Eine weitere Wende im Kampf um die Deutung des Papst-Besuches folgte dann am Freitag Nachmittag: Der Sender CNN berichtete exklusiv, Franziskus habe in der vatikanischen Botschaft in Washington ein schwules Paar empfangen.

Mit dem früheren Schüler, der eine Audienz erhalten habe, sei er gemeint gewesen, berichtete der Argentinier Yayo Grassi. Der Papst habe das Treffen, von dem auch ein Video der herzlichen Begrüßung vorliegt, selbst per E-Mail arrangiert und wenige Tage zuvor auch mit ihm telefoniert.

Grassi meinte weiter, er habe zu der Audienz Freunde mitgebracht und seinen Partner Iwan, mit dem er seit 19 Jahren zusammen lebe. Das Paar habe Franziskus, der Grassi 1964 bis 1965 Literatur unterrichtet habe, schon im letzten Jahr in Rom besucht – der Papst habe nie etwas negatives über ihre Beziehung gesagt.

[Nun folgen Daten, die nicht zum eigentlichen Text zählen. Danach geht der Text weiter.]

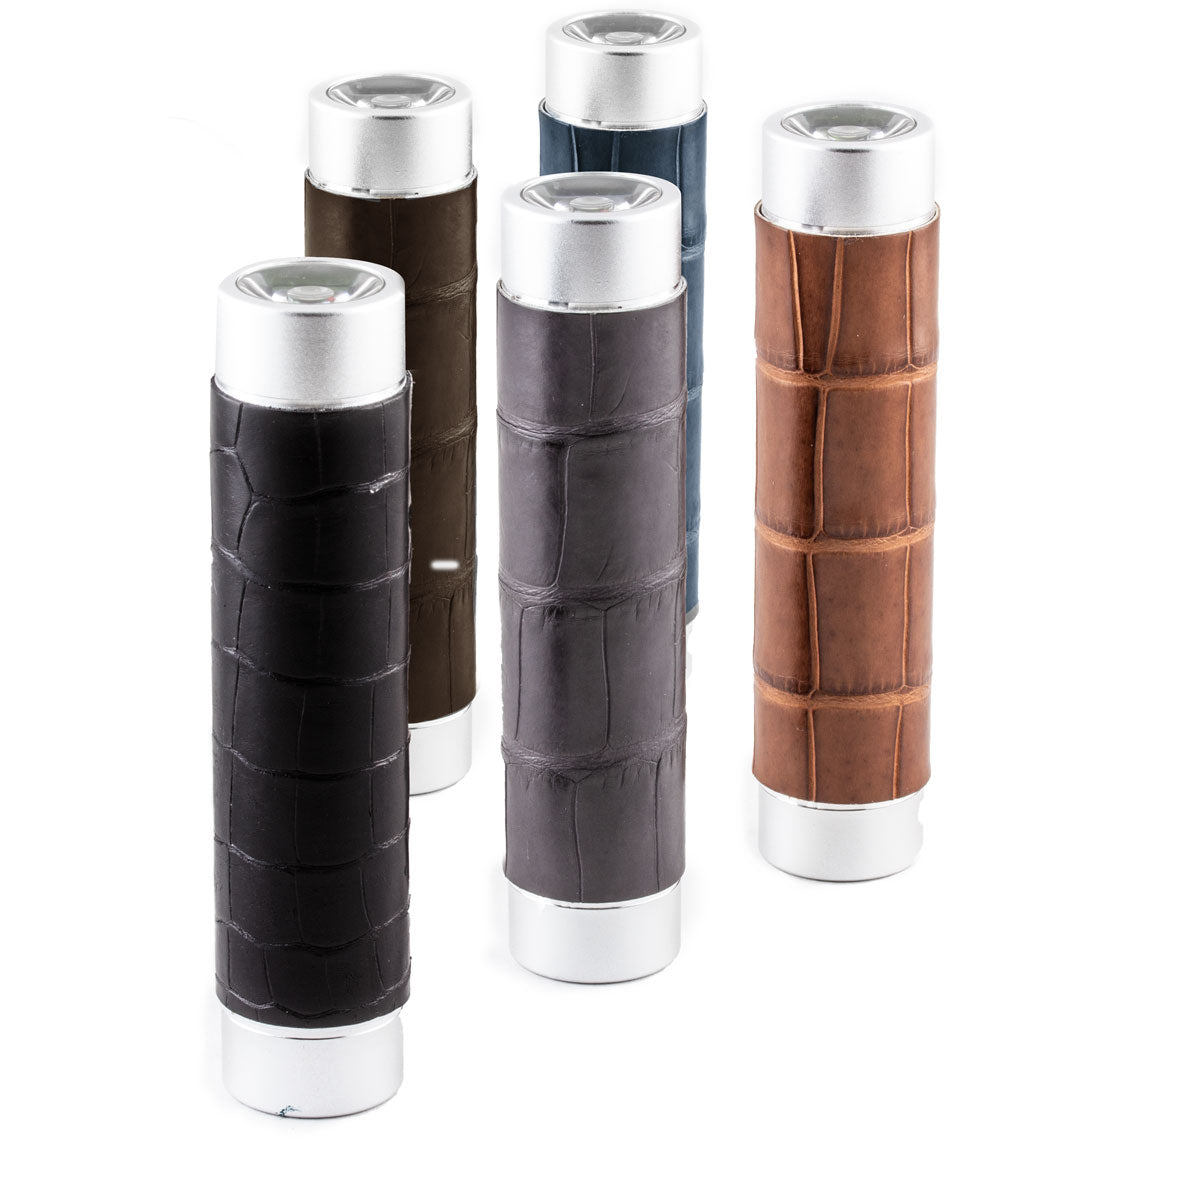 Mini external battery & flashlights - Alligator - Universal charger iPhone, Samsung, smartphone, tablet ... (black, brown, gray)

Youtube | Das Treffen zwischen Papst und Grassi

Lügner und Intriganten?

Wie so oft bei diesem Papst gibt es nun eine ganze Menge Wahrheiten zu einem einzigen Stadtbesuch. Der Anwalt von Kim Davis hatte am Dienstag noch gemeldet, der Papst habe Davis für ihren Mut gedankt und als Symbol des "weltweiten Konflikts zwischen dem christlichen Glauben und aktuellen kulturellen Herausforderungen in Bezug auf die Ehe" bezeichnet . Auch war von einem rund zehnminütigen privaten Einzelgespräch zwischen dem Papst und Davis und ihrem Ehemann die Rede gewesen.

Davis und ihre Anwaltschaft gelten inzwischen gegenüber Medien allerdings als nur bedingt glaubwürdig: Ein vom "Liberty Council" verbreitetes Foto, das angeblich 100.000 Menschen in der peruanischen Hauptstadt Lima bei einem Gebet für Davis zeigte, stellte sich etwa als ein älteres Foto aus einem anderen Zusammenhang heraus.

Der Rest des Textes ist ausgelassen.